Wesley Smith |
The focus on suicide prevention continues to erode. In Ozy — which bills itself as being about “fresh stories and bold ideas”— self-described “reporter” Molly Fosco applauds that suicidal depression is increasingly being looked upon as a “terminal illness,” and hence, opines that we should view the suicides of the deeply depressed as a normal part of dealing with the disease process. From,“Suicidal Tendencies Should be Treated Like a Terminal Disease”:
If a family member has a terminal illness and decides to stop treatment to end their suffering, we’re far more likely to understand. Sure, it might be upsetting that they don’t want to keep “fighting,” but ultimately, we agree that ending their suffering is more important.
We should think of suicide the same way.This is the concept of “rational suicide”— a minority view in the mental health professions–that claims a psychiatrist/psychologist/social worker should “permit” or validate suicides they believe are “rational,” and only unequivocally oppose those they deem “irrational.” Talk about an abandonment of the anguished person by the one person who might be able to make the difference between life and death!
Alas, some in the suicide prevention community apparently want us to look upon suicide in a non-judgmental way:
Cerel thinks the culture around suicide in the U.S. is starting to shift. For example, the American Psychological Association no longer uses the word “commit” when referring to suicide. Instead, “died by suicide” is now used. “‘Committed’ really connotes that someone committed a crime or committed a sin,” Cerel says. “It’s very pejorative.”
Of course, Fosco is all on board with the word engineering that will open the door to more suicides:
And that’s the thing. We shouldn’t look at those who die by suicide as bad, selfish or sinful. Of course, it’s devastating to lose someone you love, and it’s normal to be angry. But we need to try harder to put ourselves in their shoes. If every day is unbearable and death is the only way to relieve the pain, perhaps we shouldn’t think of suicide as a choice.
“I think more people are realizing that those who are suicidal aren’t making a choice to end their lives,” [Dr. Julie] Cerel [president of the American Association of Suicidology] says. “They’re trying to get out of completely intolerable circumstances.”“Bad, selfish, sinful,” what have you, isn’t the point behind disfavoring all suicides. Saving lives is the point!
Moreover, Cerel makes the exact argument that Compassion and Choices (formerly, the Hemlock Society) makes about why doctor-assisted suicide of the terminally ill should not be considered suicide, and instead be known by the gooey euphemism,“aid in dying.” The purpose is to normalize self-killing. If this deflection succeeds — and expands, as this article promotes — pretty soon we will do away with the accurate term “suicide” altogether so that no one feels negatively about a self-killing. It’s all just “choice,” don’t you know.
Not surprisingly, the American Association of Suicidology has opined that the terminally ill asking for assisted suicide should not receive suicide prevention. Cerel’s statement just furthers the organization’s betrayal of suicidal people.

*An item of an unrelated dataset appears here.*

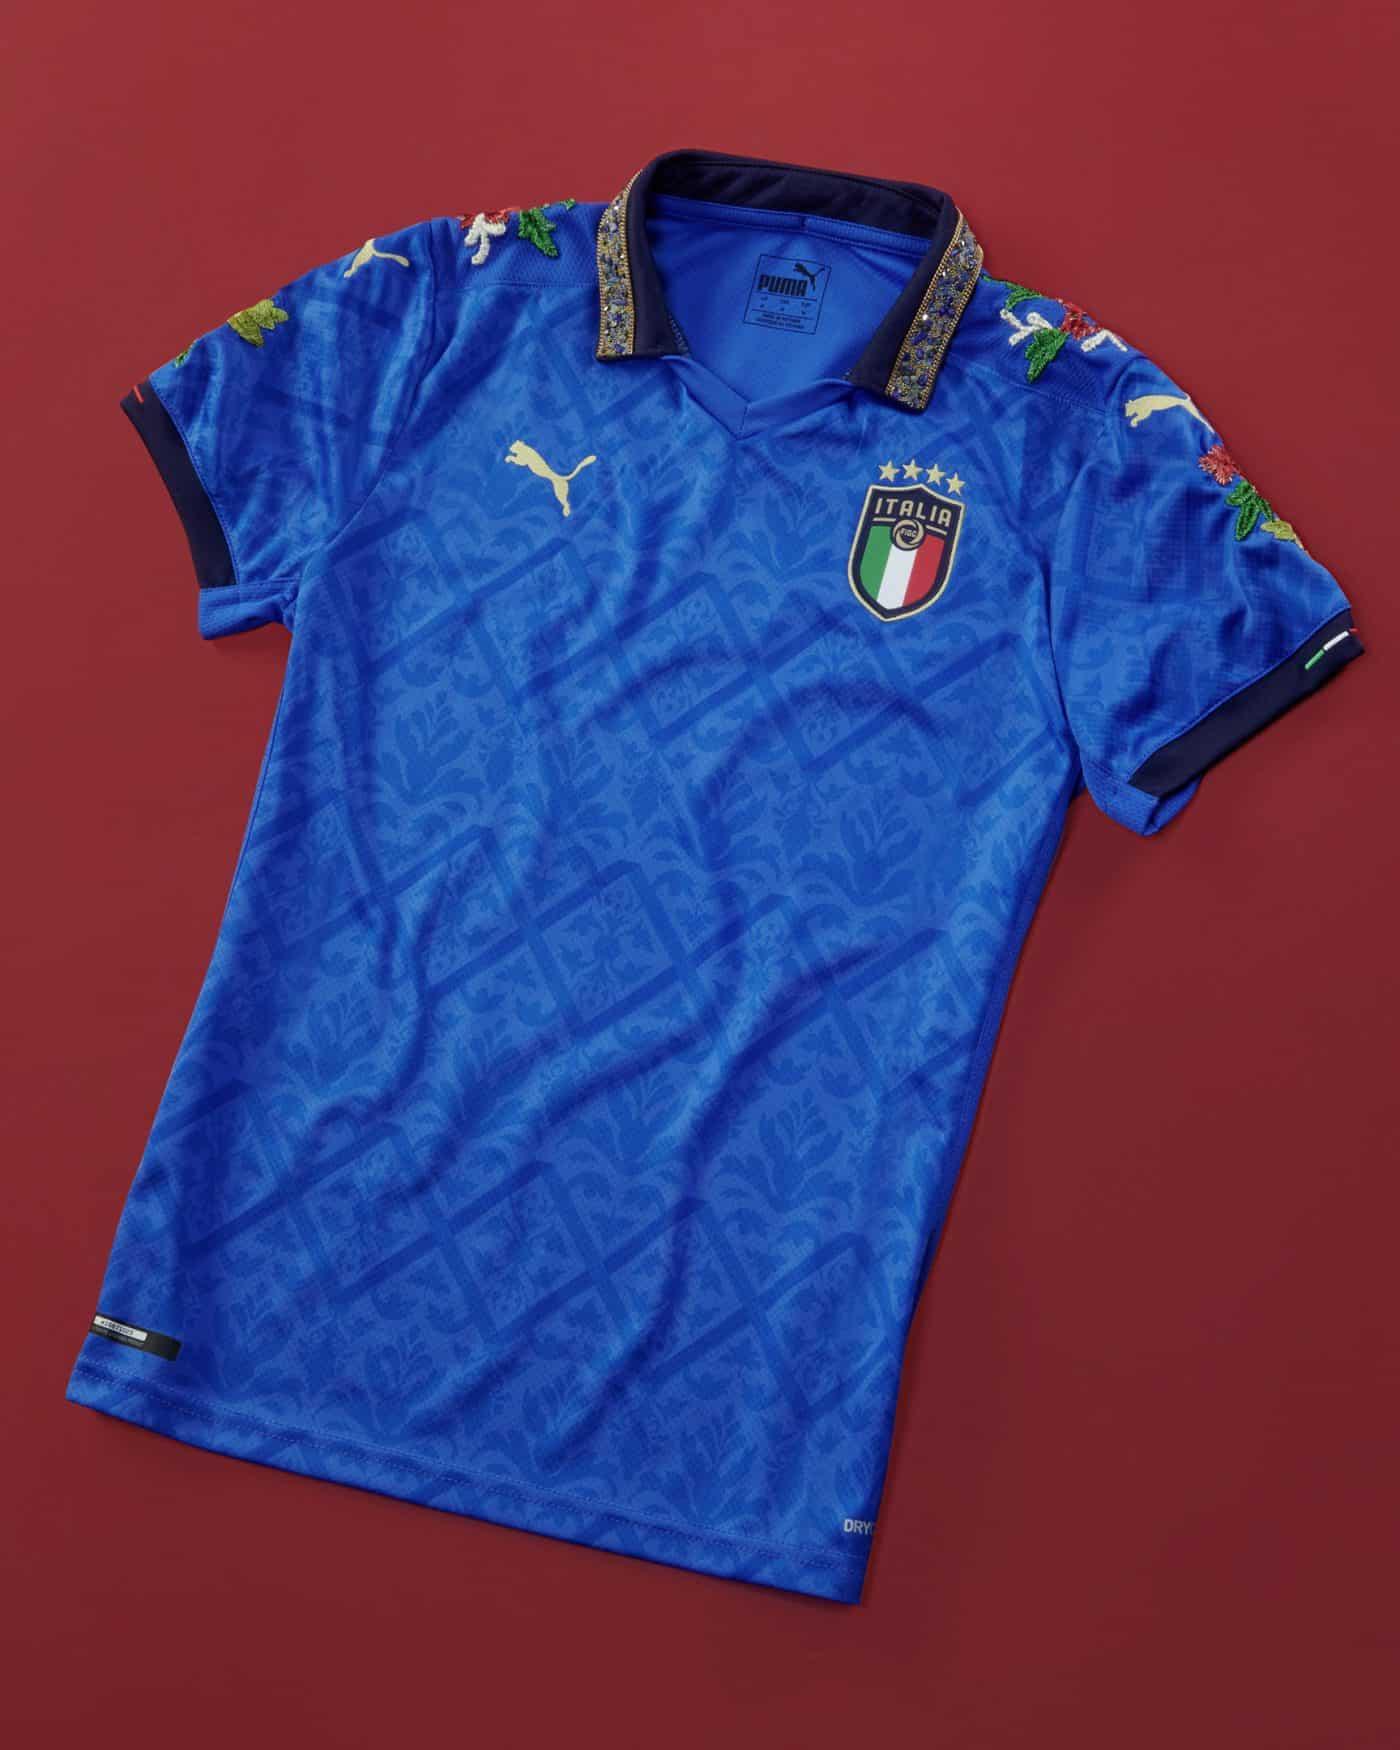 maillot-italie-renaissance-the-football-gall-3

Fosco gives lip service to suicide prevention. But that’s all it is. Approving some suicides — as she clearly does — is akin to telling a smoker to use filtered cigarettes instead of quitting, making self-harm more, rather than less, likely.
Fosco and Cerel are practitioners of the dark advocacy approach that I call “terminal nonjudgmentalism.” By promoting a neutral stance on self-destruction, the are pushing society in a pro-suicide — or at the very best, only anti-some suicides — direction.
Culture of death, Wesley? What culture of death?
1 comment:
Young woman in our parish, in her late 20s or 30's suffered fork lift accident to her foot and leg. She has been left in pain for several years, given crutches to help her walk. Crutches caused nerve damage to underarms. More pain.
This young woman has been approached twice (once in church parking lot), asked if she wanted suicide and offering to help her obtain means of suicide. She is shocked and hurt at being offered death instead of better treatment (surgery or motorized chair to help her get around).
Cheaper to offer suicide than effective treatment or equipment to make it easier for her to get around without further injury.
What have we come to?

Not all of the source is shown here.